▶ [GIVEN DATA]:

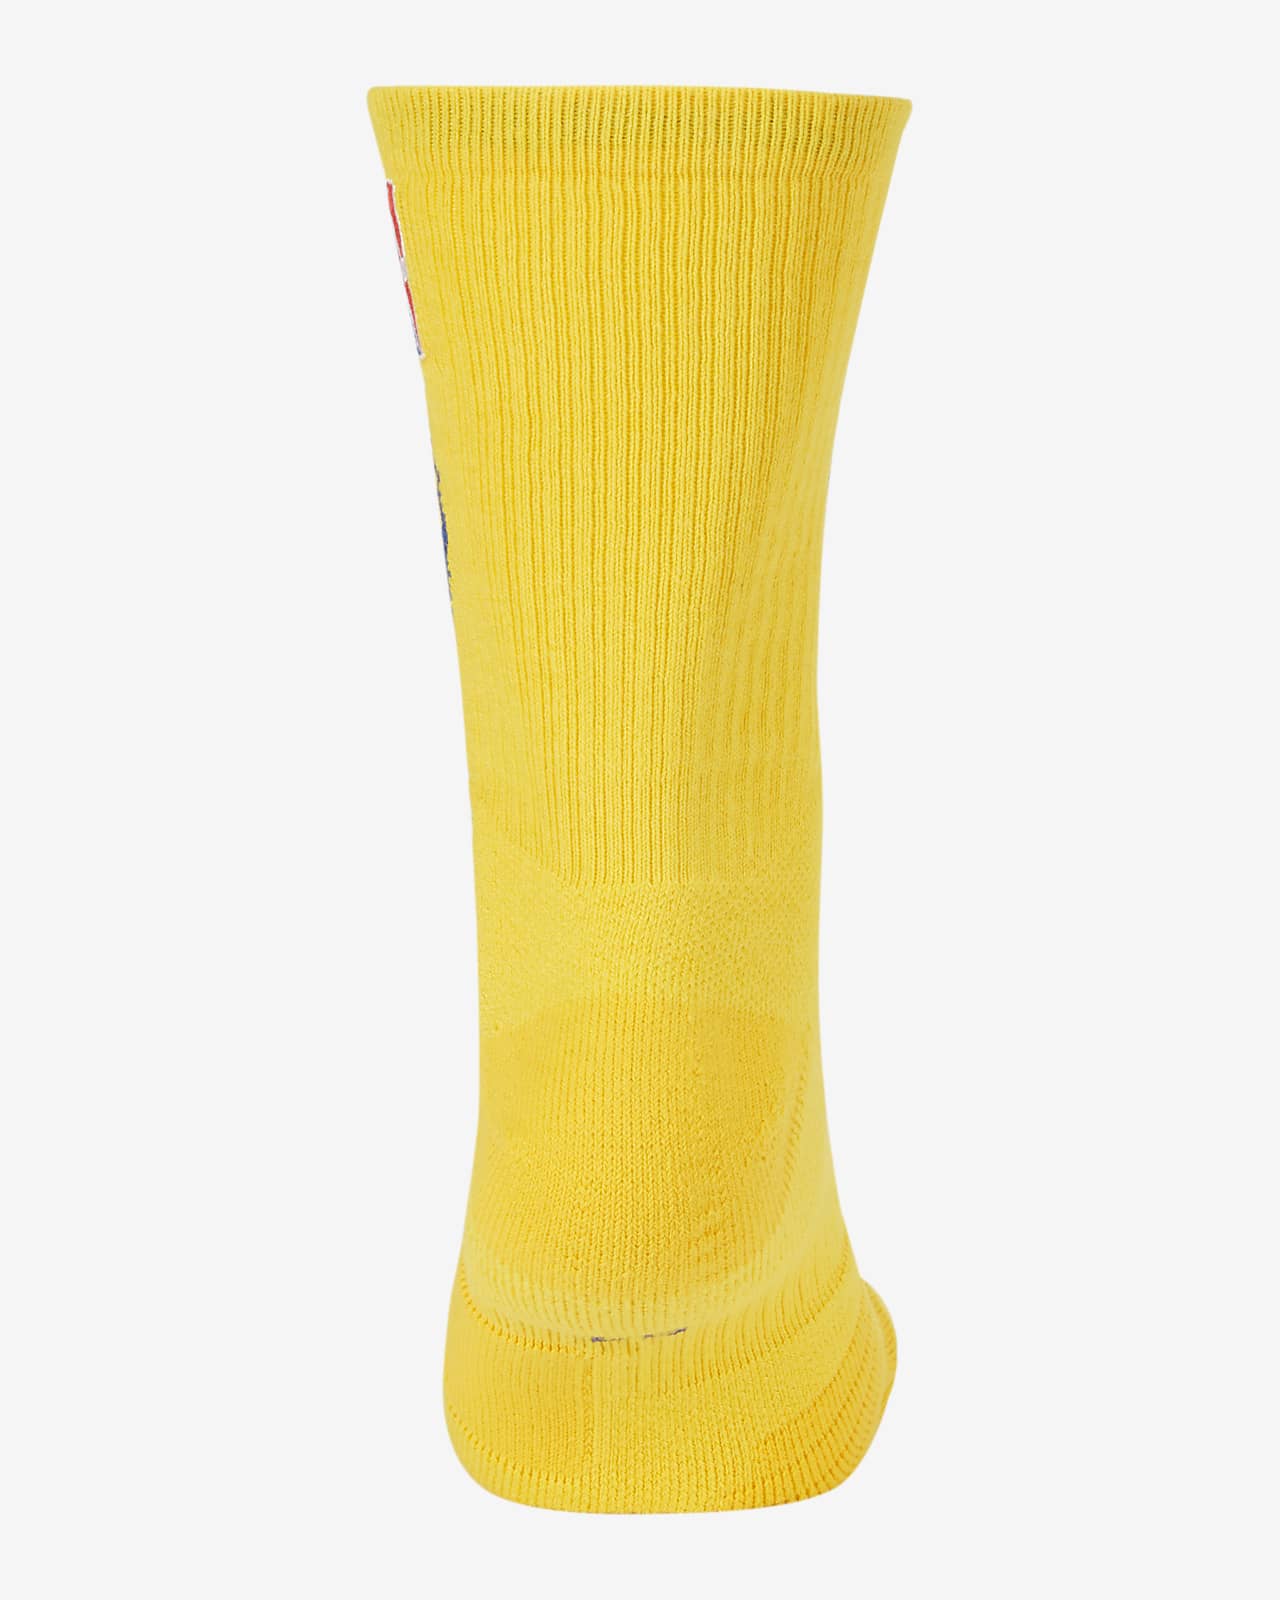 golden state warriors nike socks
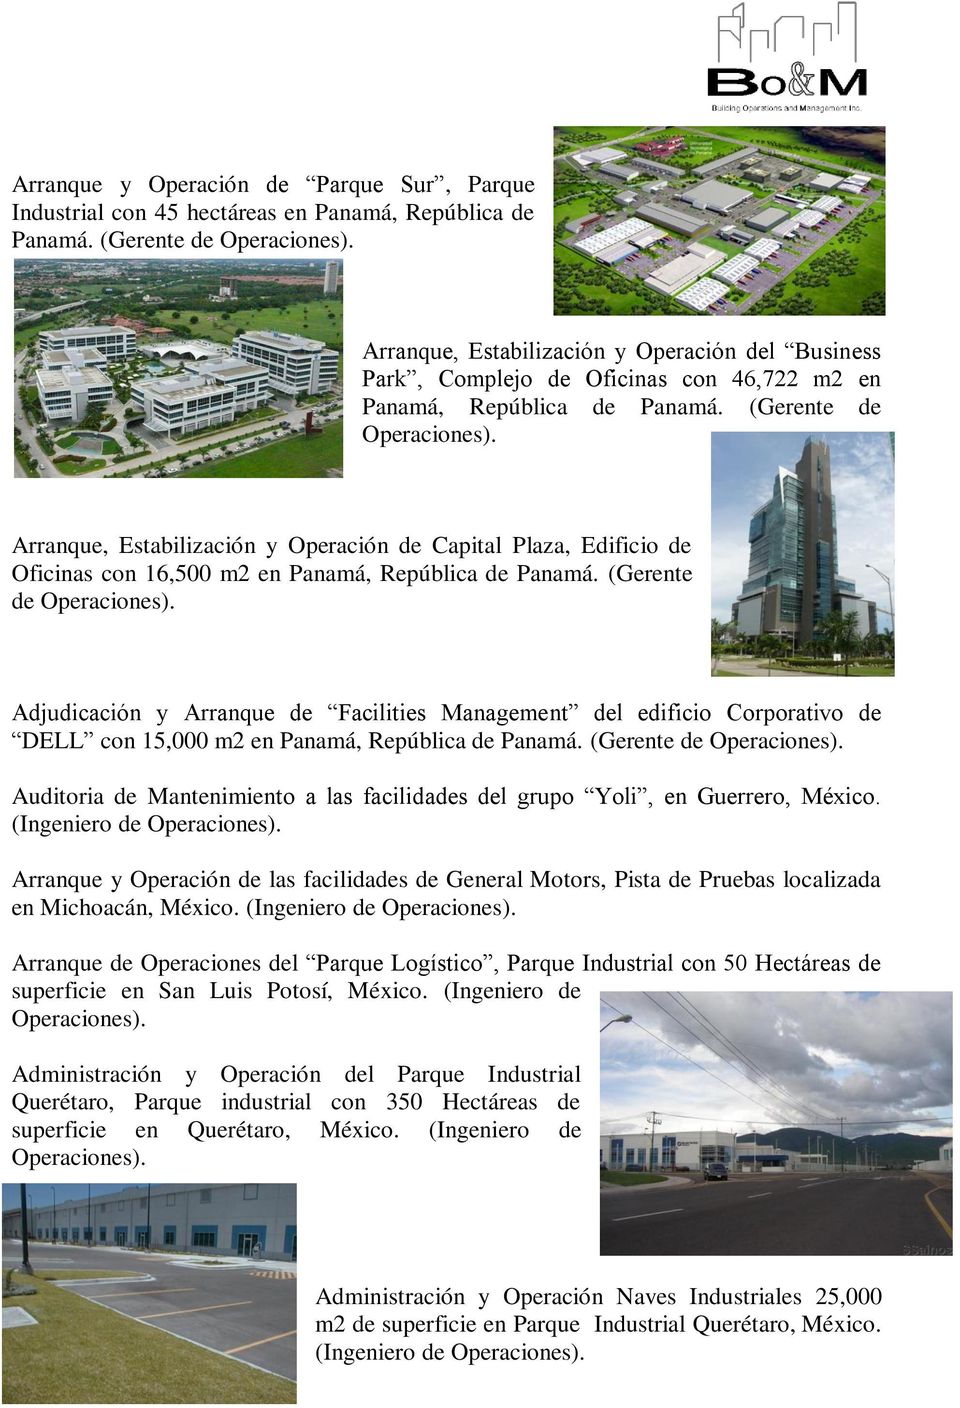 Arranque, Estabilización y Operación de Capital Plaza, Edificio de Oficinas con 16,500 m2 en Panamá, República de Panamá. (Gerente de Operaciones).
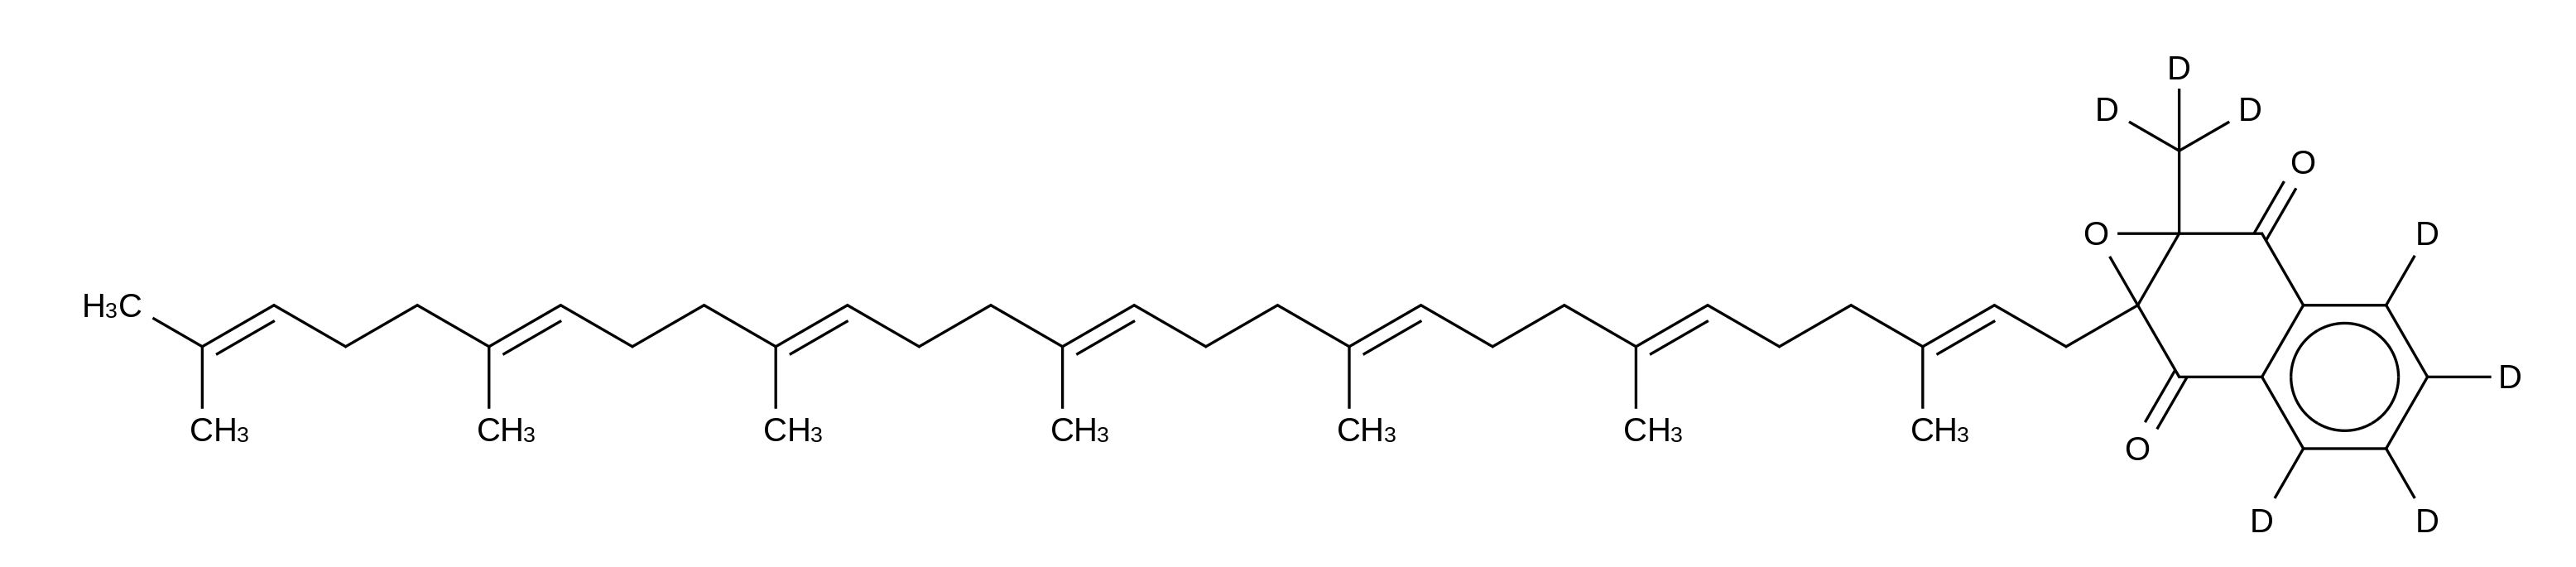 Menaquinone 7-d<sub>7</sub> 2,3-Epoxide
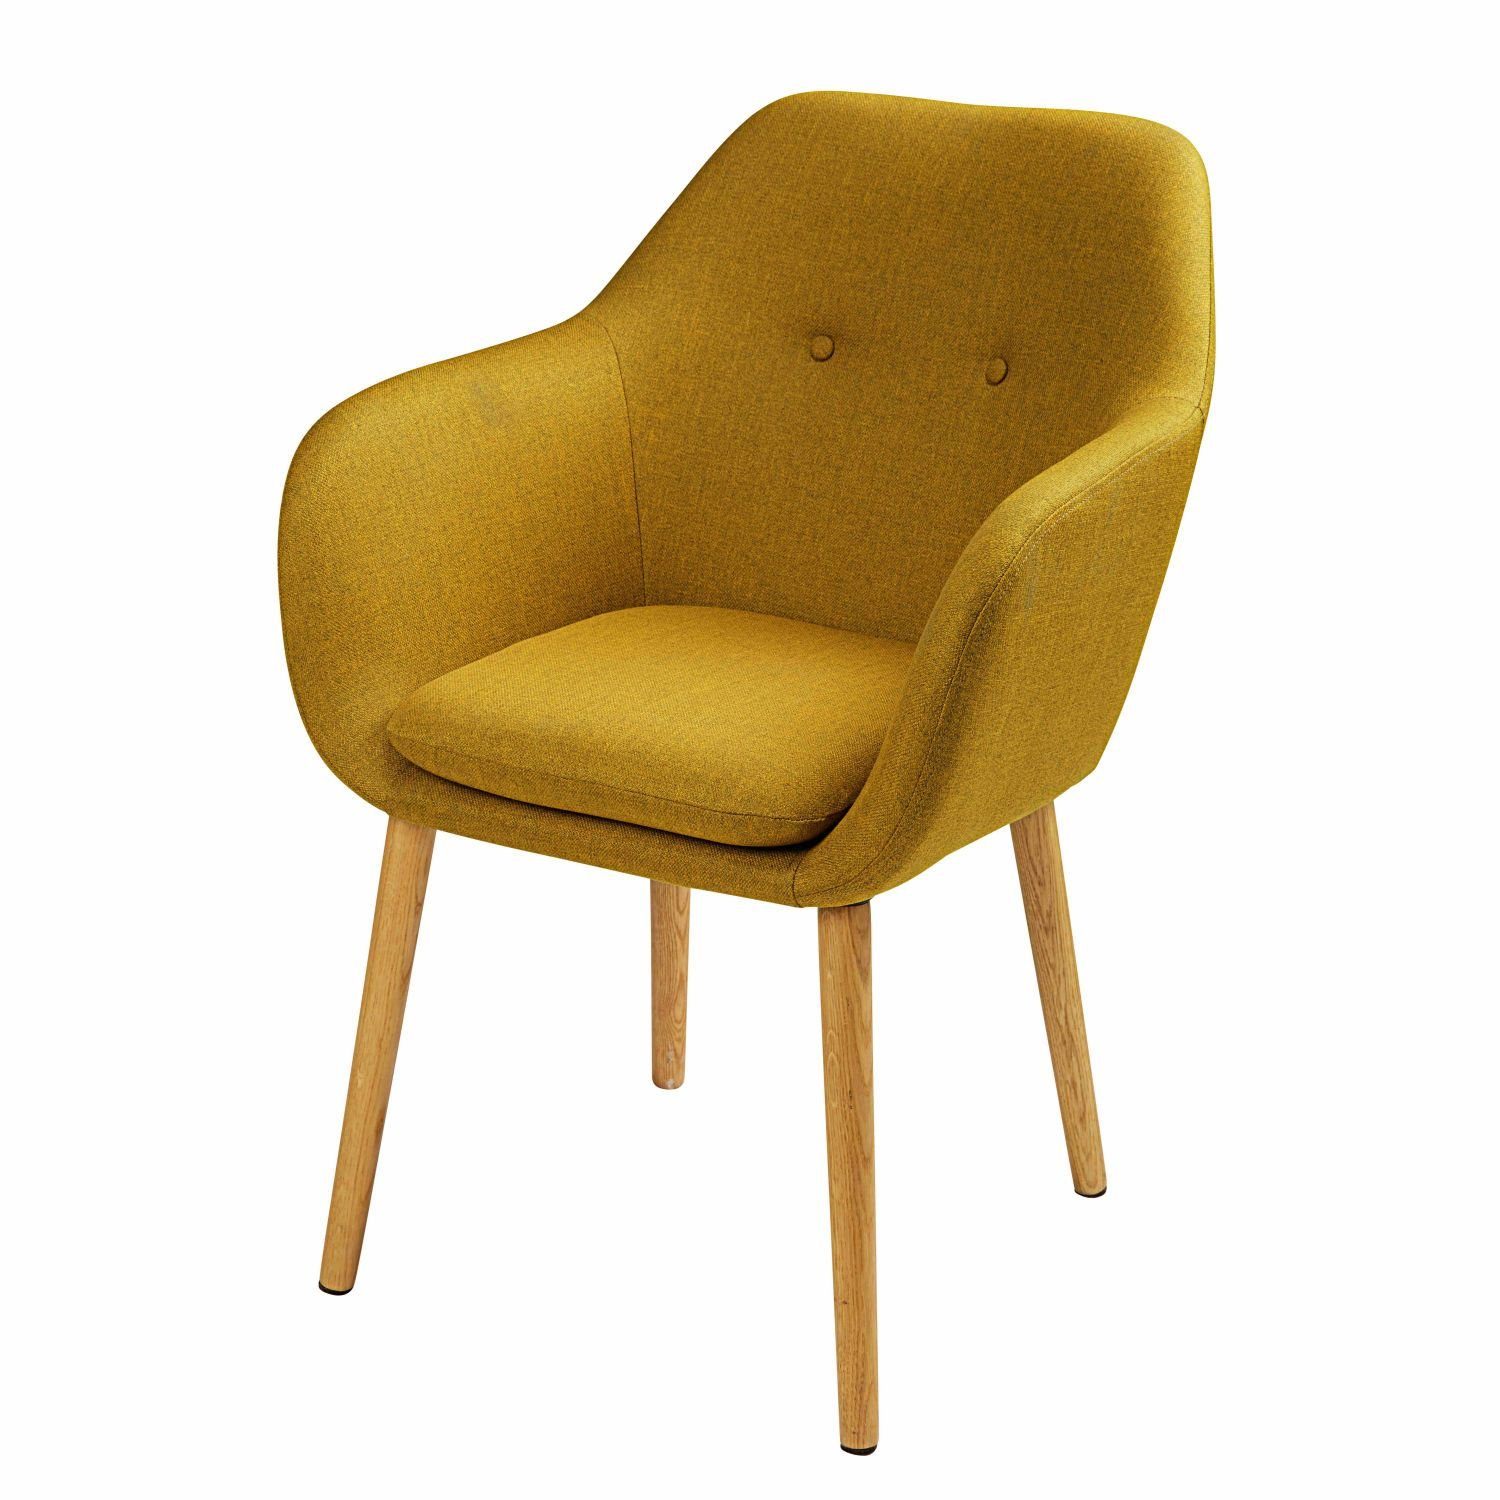 Горчичное кресло. Стул мягкий горчичный. Стул кресло. Стул желтый. Горчичное кресло стул.

▶ [WORK REQUEST]:
This task calls for restating, word for word, each line from the line holding "Arranque, Estabilización y" through the end of the material, pictures left out.

▶ [WRITTEN RESPONSE]:
 Arranque, Estabilización y Operación de Capital Plaza, Edificio de Oficinas con 16,500 m2 en Panamá, República de Panamá. (Gerente de Operaciones).
 Menaquinone 7-d<sub>7</sub> 2,3-Epoxide
 Горчичное кресло. Стул мягкий горчичный. Стул кресло. Стул желтый. Горчичное кресло стул.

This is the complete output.